一个典型的使用Min Priority Queue的Prim的实现需要O(ElogE),而我这个实现背后的意图是将时间复杂度降低到O(ElogV)。我相信这也可以使用索引优先队列(IPQ)来实现,但我选择了BST版本,因为有自平衡BST的库实现(在Java和C++中都有)。

对于我测试过的例子,这个实现似乎工作得很好,并且产生了正确的结果。但当我做了更深层次的检查,以确保TC实际上是O(ElogV)时,我发现Java TreeSet对我来说表现得很奇怪,原因是什么。

这是我的实现。

    package graph;

    import java.util.Comparator;
    import java.util.TreeSet;

    /**
     * Implementation of Prim's algorithm (eager version) to
     * find Minimum Spanning Tree using a self-balancing BST
     * Time Complexity: O(ElogV)
     * 
     * This implementation uses a self-balancing BST (specifically Red-Black Tree)
     * 
     * We can do eager Prim's implementation using an Indexed Priority Queue (IPQ) as well
     * 
     * Comparison: IPQ vs BST
     * To get next best edge in IPQ, we pop the min element from root, and 
     * then heapify the tree, which overall takes O(lgn). To get next best edge in 
     * BST, it would take O(lgn) as well, and then we’ll have to delete that entry 
     * which would take another O(lgn), but overall it is still O(lgn)
     * 
     * Insertion into both BST and IPQ takes O(lgn) anyway
     * 
     * Update in IPQ takes O(lgn). Update in BST as well can be done in 
     * O(lgn) [search the element in O(lgn) then delete that entry in another 
     * O(lgn) and then insert new entry with updated edge weight (and source node) 
     * in yet another O(lgn). Intotal, it takes 3*logn but overall still O(lgn)]
     *
     */
    public class PrimsMstUsingSelfBalancingBST extends Graph {

        private int n, m, edgeCount;
        private boolean[] visited;
        private Edge[] mst;
        private double cost;
        private TreeSet<Edge> sortedSet;

        public PrimsMstUsingSelfBalancingBST(int numberOfVertices) {
            super(numberOfVertices);
            n = numberOfVertices;
        }

        public Double mst(int s) {
            m = n - 1; // number of expected edges in mst
            edgeCount = 0;
            mst = new Edge[m];
            visited = new boolean[n];
            sortedSet = new TreeSet<>(getComparator());

            relaxEdgesAtNode(s);

            while (!sortedSet.isEmpty() && edgeCount != m) {
                System.out.println(sortedSet);
                // pollFirst() retrieves and removes smallest element from TreeSet
                Edge edge = sortedSet.pollFirst();
                int nodeIndex = edge.to;

                // skip edges pointing to already visited nodes
                if (visited[nodeIndex]) continue;

                mst[edgeCount] = edge;
                edgeCount++;
                cost += edge.wt;

                relaxEdgesAtNode(nodeIndex);
            }

            return (edgeCount == m) ? cost : null;
        }

        private void relaxEdgesAtNode(int index) {
            visited[index] = true;

            for (Edge edge : adjList.get(index))  {
                int to = edge.to;

                if (visited[to]) continue;

                if (!sortedSet.contains(edge)) {
                    sortedSet.add(edge);
                }
                else {
                    Edge existingEdge = search(edge);
                    if (existingEdge.wt > edge.wt) {
                        sortedSet.remove(existingEdge);
                        sortedSet.add(edge);
                    }
                }
            }
        }

        private Comparator<Edge> getComparator() {
            return new Comparator<Edge>() {
                @Override
                public int compare(Edge e1, Edge e2) {
                    // Java TreeSet is implemented in a way that it uses 
                    // Comparable/Comparator logics for all comparisons.

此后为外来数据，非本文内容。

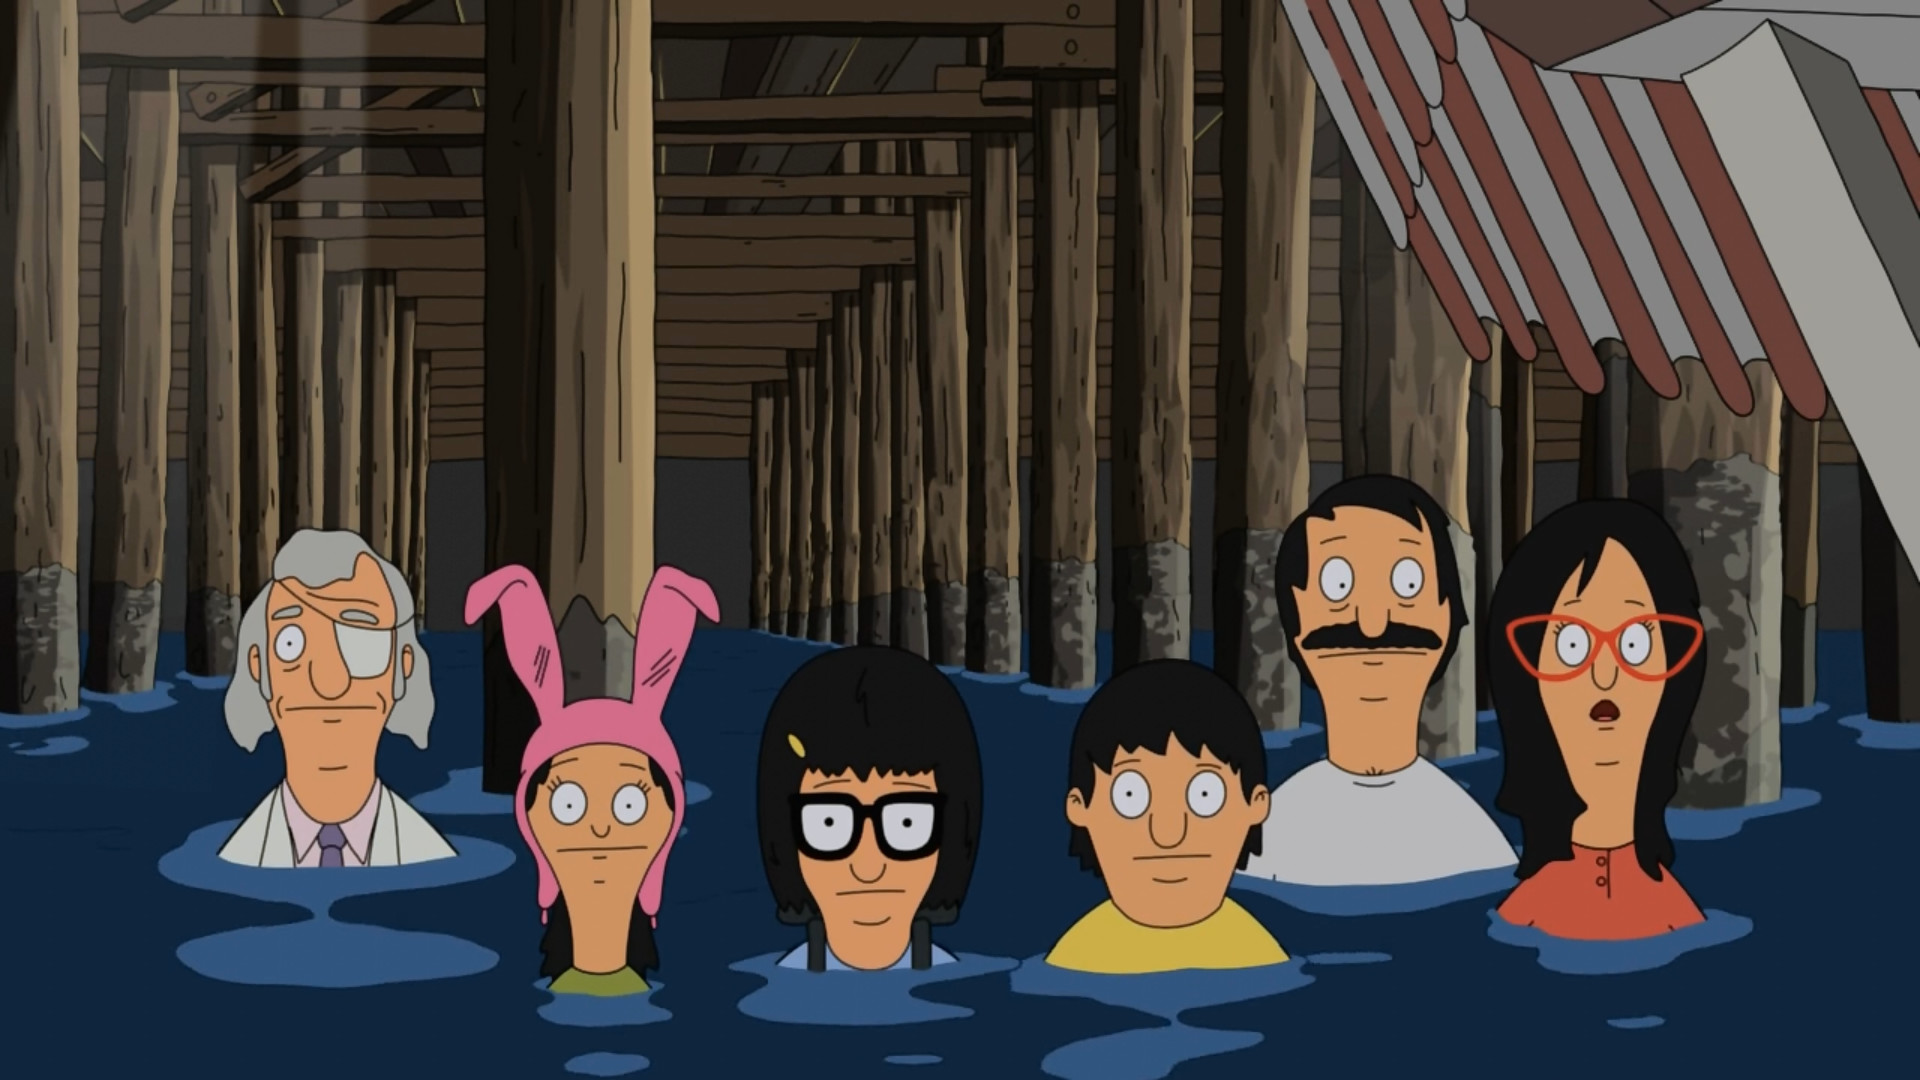 Feel asleep with Bobs Burgers on and my Girlfriend gets up and paused the show on a perfect wallpaper

                    // i.e., it will use this comparator to do comparison 
                    // in contains() method.

                    // It will use this same comparator to do comparison 
                    // during remove() method.

                    // It will also use this same comparator, to perform 
                    // sorting during add() method.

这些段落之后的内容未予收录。